А хотите правды — извольте. Получите. Дайте только слегка подсобраться.
— А Шурика ты напрасно любишь. Напрасно. Я о нем такое знаю… Конечно, я его уважаю, этого не отнимешь. Но он стал дружить с Гришей и гибнет. Так что не надо идеализировать.
— Собственно, причем тут Шурик? Бред собачий. Все равно он лучше тебя.
— Это еще как посмотреть.

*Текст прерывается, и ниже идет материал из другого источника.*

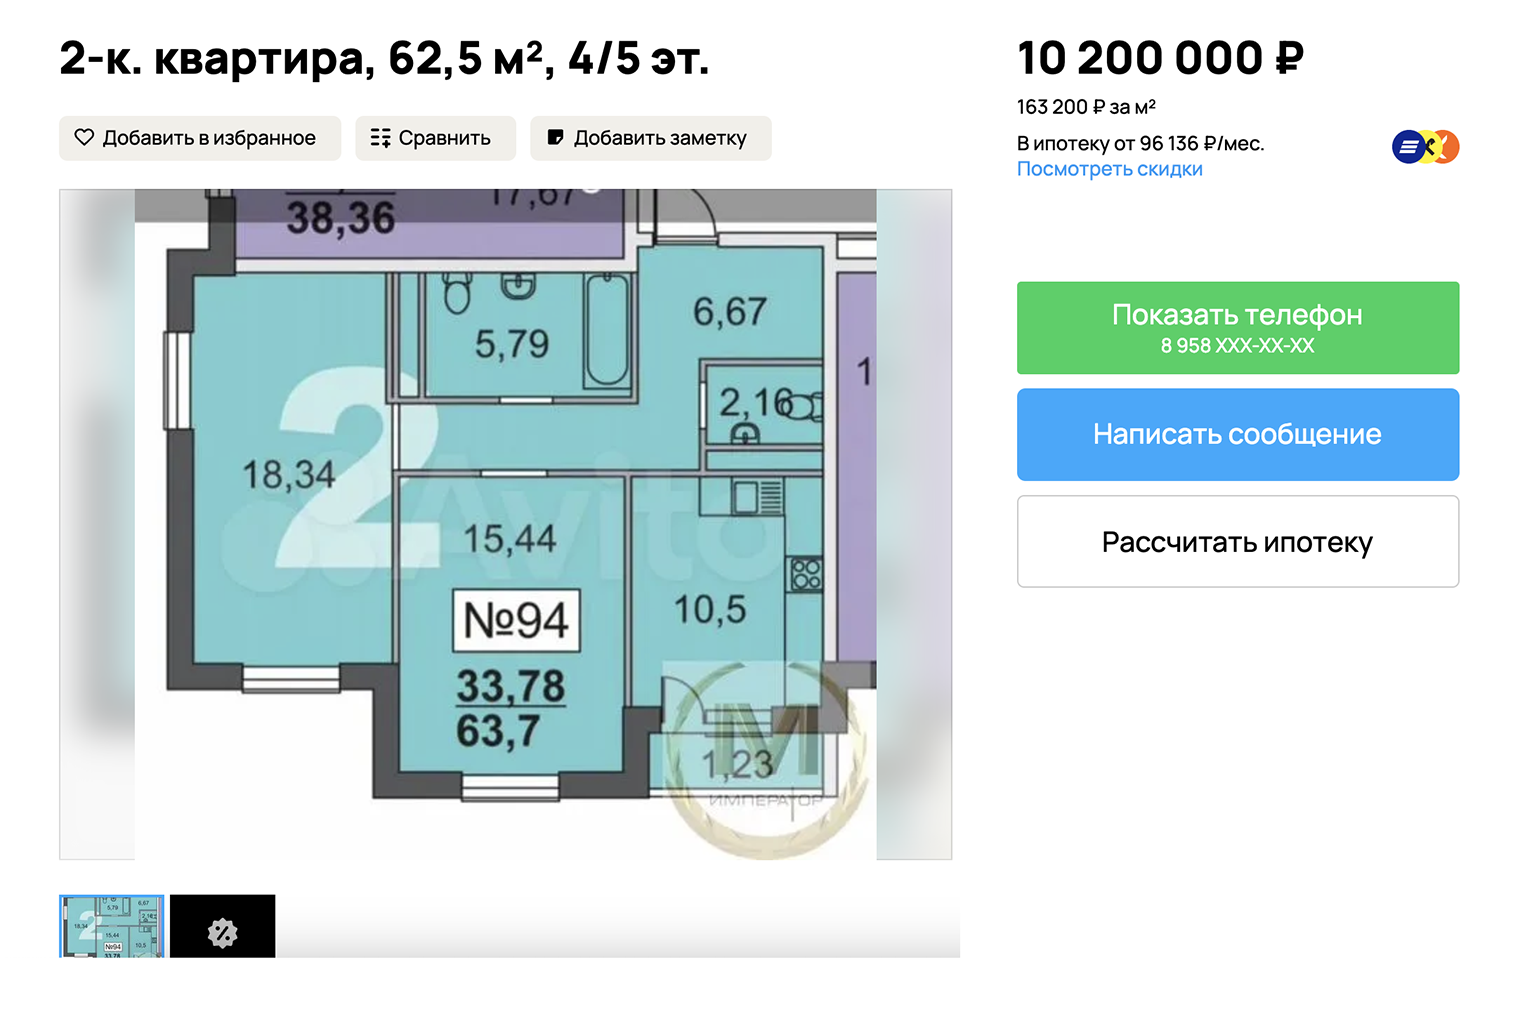 Квартира без отделки и не в очень удобном месте. Проще за эти же деньги взять квартиру на вторичке в доме середины нулевых. Источник: avito.ru

С какой стороны.
— А чего тут смотреть? Все и так ясно.
— Судак ты, как я посмотрю.
Ушел. Обиделся.
Потом вернулся, крикнул:
— Подонок он, вот он кто.
И ушел.
Ах, что делается, что только делается! Я становлюсь пасквилянтом. Я заразился. Я стал лицемером.
Мне грустно. Я хочу любить и верить. Но наступать себе на мозоль самолюбия я не дам. Я хотел бы это подчеркнуть.
Оставьте меня все. Я выдумываю любезный мне роман. Роман о моих знакомых. Я их критикую. Но, вместе с тем, я их утешаю. Я делаю им больно и приятно. Я им делаю щекотно. Я делаю им интересно. Я всем делаю пикантно и где-то местами остро.
А вот и Юра:
— …А, это вы? Привет, привет! А я был в гостях у пианиста. И ел суп из скорпионов. Очень вкусно. Деликатес для вегетарианцев. Удивляюсь, почему скорпионов не продают на экспорт? Как рыбу. Нам бы платили за них валютой. Представляешь!… Тиару, тиару! Пора надеть тиару! Все станут католиками. Ору: оранжа! оранжа! А госзакон твердит: безнравственно и нельзя. Странно… Все подводные лодки мы купили у Италии. А свои потопили. Представляешь?
— …Зачем вы держите в доме Рэя? Это негигиенично. Лучше проветривайте дом хлорофосом… А стихов поменьше, поменьше. Все это отвлекает.
— …Я смотрю на людей, и мне смешно: они все пьют газированную воду. На это у них уходит полжизни. А ведь можно совсем иначе: не пить вообще. А так, мысленно, мысленно. Одним усилием воли. Как Джойс… Все суета сует.
— А ты, Фима, поправился. Да, да, не говори — заматерел ты. Брось, брось — поправился. Я же вижу. И ляжечки у тебя стали… А спина — просто спина захолустного Антиноя. Молодец… И папочка тоже. Совсем округляться стал. Жизнь тебе идет на пользу… Ну, ладно. Так о чем я? Зачем, собственно, я к тебе пришел?… Ага, вспомнил. Понимаешь, надо помочь человеку.
— Я слушаю.
— Надо помочь человеку. Он художник. Ты его не знаешь… Три дня не ел. Скитается. К тому же, избили в вытрезвителе. Короче, нужно пятьдесят копеек.
— Всего?
— Как минимум.
— Ну, полтинник — это можно.
— Мерси. Я пошел. Он тут внизу стоит. Я просил его не заходить. Вид у него, знаешь ли. Ну, ты понимаешь… Пойду — накормлю.
И ушел.
(Однажды пришел с аналогичным предложением:
— Тут у меня два художника сидят. Совсем опухли. От голода, в основном. От пьянства — частично. Короче: нужен рубль.
Я не дал).
Глава 4. Впечатлений масса
Ночью, под звездами, душа одинока и беззащитна. Теперь я вспомнил, когда это было.
Мне было двадцать лет. Душа раскрывалась, наливалась холодным небом, чисто вымытой высью, высоким ветром, тоской, слезами, одиночеством. И мне показалось, что у меня никого нет, кроме этого неба. О, отдаться, отдаться этому ветру, этому небу, которое одно есть правда, которое одно сродни моей душе, и душа об этом догадалась. Поэтому я плачу от безмерной печали, утолить которую может только любовь… или не может утолить ничто. И не надо, не надо.
Я мстительно плакал, глядя в это небо, потому что знал в эту минуту, что никого нет лучше меня и несчастней. Так пусть же, пусть никто не знает этого, тем горше они раскаются потом.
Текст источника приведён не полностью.